When someone dies, it falls to their personal representative, i.e. the executor or administrator of their estate, to commence legal claims on behalf of the estate that the deceased could have advanced during their lifetime. If the deceased’s estate has a strong claim against another party that would increase the estate’s assets, the personal representative would normally initiate that claim. However, in some circumstances, the personal representative may refuse or be unable to initiate proceedings in the name of the estate. Commonly, this occurs where a conflict of interest arises, such as where the personal representative is the proposed defendant to the claim. These situations might include:
- The deceased transferred property to the personal representative prior to their death, or the deceased held property in joint tenancy with the personal representative, and there is a claim that the property was meant to be held in trust for the deceased’s estate.
- The personal representative held a power of attorney for the deceased or was a committee for the deceased, and they appear to have misused their authority.
- The deceased has a claim against a person who is a friend or family member of the personal representative.
- The deceased has a claim against a corporation where the personal representative is a director or shareholder.
What to Do When a Personal Representative Refuses to Initiate a Claim
In situations where a beneficiary or intestate successor (someone who inherits when there is no will) believes the deceased’s estate has a legal claim against another person or corporation and the personal representative has refused to commence that claim, according to section 151 of British Columbia’s Wills, Estates and Succession Act (“WESA”), the court can grant leave to that person to bring an action on behalf of the estate of a deceased person.
Under s. 151 of WESA, the court may grant leave to bring an action in the name of the estate if the person seeking leave:
- has made reasonable efforts to get the personal representative to commence the proceeding,
- has given notice of the application to the personal representative and other interested parties, such as co-beneficiaries, and
- is acting in good faith (they are not initiating the claim out of animosity or with an ulterior motive).
Furthermore, WESA s. 151(3) stipulates that the proposed proceeding must be “expedient” or “necessary”. An “expedient” proceeding is one that is in the interest of the estate, and a “necessary” proceeding is one that the will’s executor cannot or will not bring. The executor, for example, may not wish to bring an action because they have a conflict of interest. Finally, the beneficiary seeking to bring an action must show that they have an arguable case and that the potential relief justifies the inconvenience to the estate. A recent case, Terezakis v. Ekins 2018 BCSC 249, serves as one example where each of the foregoing requirements was met.
The Case of Terezakis v. Ekins
Terezakis v. Ekins involved the application of a deceased’s son for leave to bring an action on behalf of the estate. A mother passed, leaving behind two sons and a daughter. The daughter was named as the executrix of the will, which provided equal shares of the estate to each of the deceased’s three children. The deceased had two properties: one in Vancouver and the other in Richmond. She owned the Richmond property jointly with her daughter. The deceased had paid a $100,000 down payment on this property, which the daughter claimed was a dowry gift. After her mother’s death, the daughter transferred the Richmond property to her own name by the right of survivorship.

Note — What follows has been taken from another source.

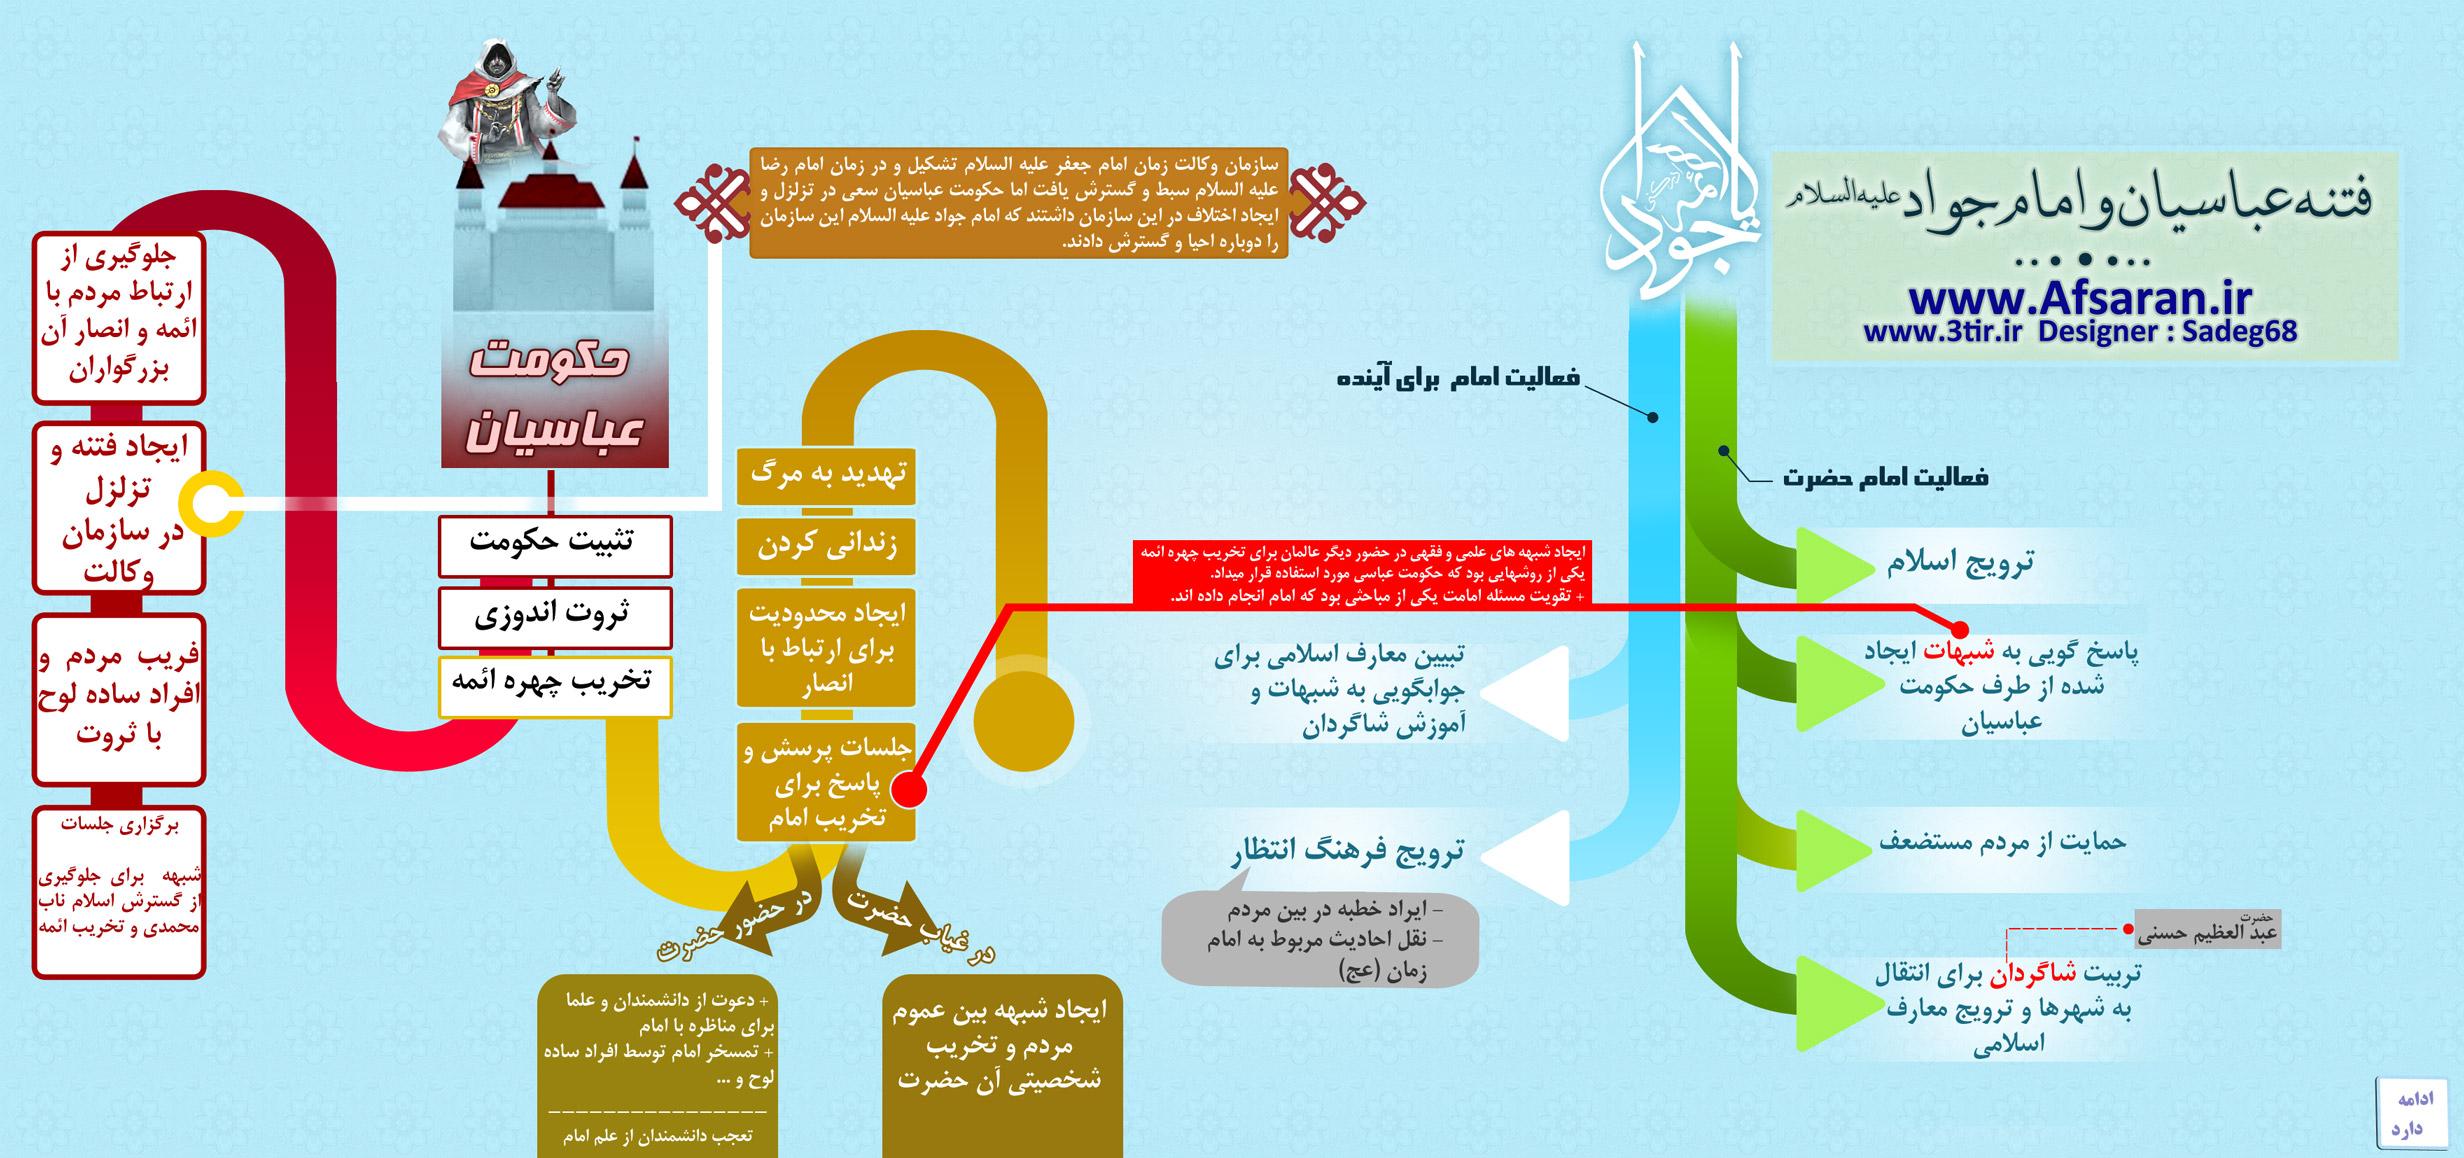 اینفوگرافیک - امام جواد (ع)
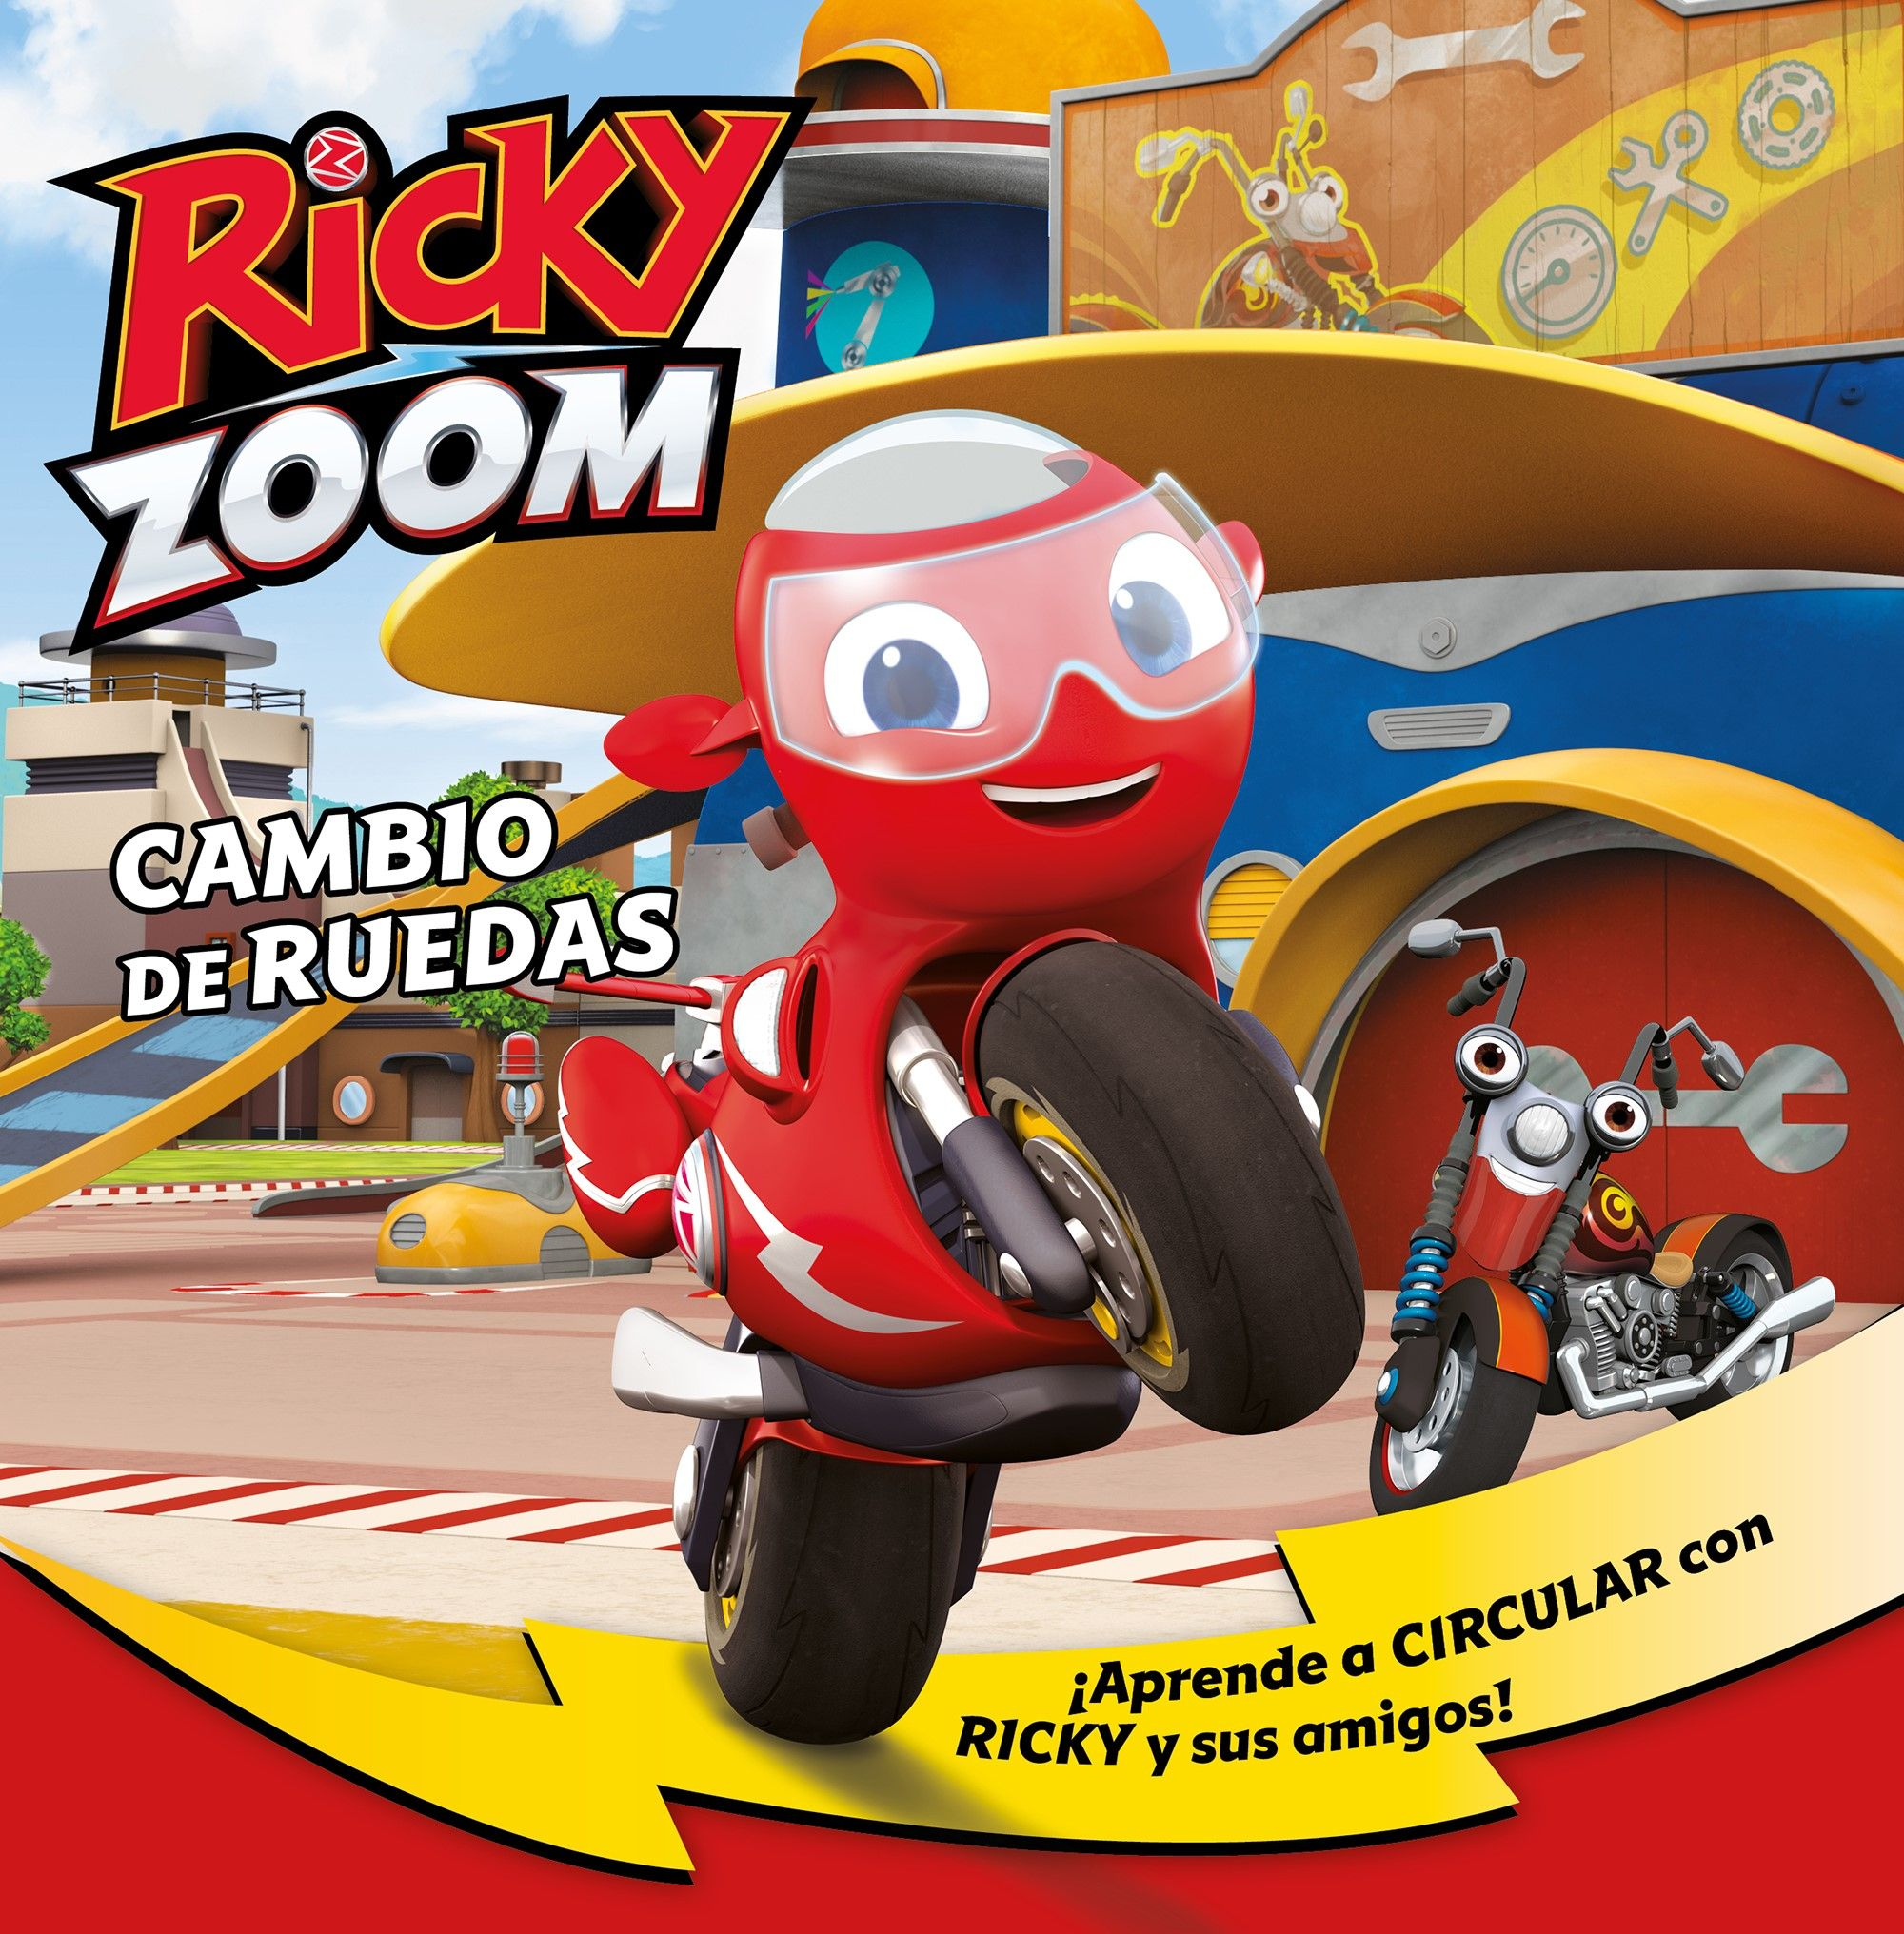 RICKY ZOOM 3 CAMBIO DE RUEDAS

One of the sons claimed that the down payment and resulting joint tenancy were not dowry gifts. Instead, he maintained that their mother had intended to use the property to create a trust. That way, each of the children could benefit equally from the property. The son sought to bring an action to advance the claim that the property was held in a resulting trust for the estate. In short, the daughter asserted that the deceased’s estate had no interest in the property (and therefore should remain solely in her possession), while the son claimed that the deceased’s estate did have an interest in the property and that this interest ought to be split evenly between the deceased’s children.
The Court’s Ruling
The court, in this case, found that the son had made reasonable efforts, as required by WESA s. 151, to have the daughter return the property to the estate. The court also found that the son had given notice to his sister and brother of his intention to bring the claim and that he made the claim in good faith, further requirements under s. 151. Additionally, the court found the son’s claim to be “necessary” because the daughter of the deceased had a conflict of interest; she was the executrix of the will, a beneficiary, and the owner of the property that her brother claimed was held in trust for the deceased’s estate. If she had agreed to pursue her brother’s claim, she would be challenging her ownership of the Richmond property. The daughter had no desire to bring an action that would undermine her ownership interest in the property.
Finally, the court found that the son had an arguable case in his proposed action. The law regarding gifts dictates that when a parent makes a gratuitous transfer to their adult child, the court must presume that the parent intended to create a trust. So the onus would be on the daughter to prove that her mother intended the down payment as a dowry gift. The son was, therefore, successful in his application for leave to bring an action on behalf of the estate.
If you are a beneficiary or intestate successor under a will and the executor or administrator is refusing to bring a claim on behalf of the estate, you should consult an experienced lawyer for assistance.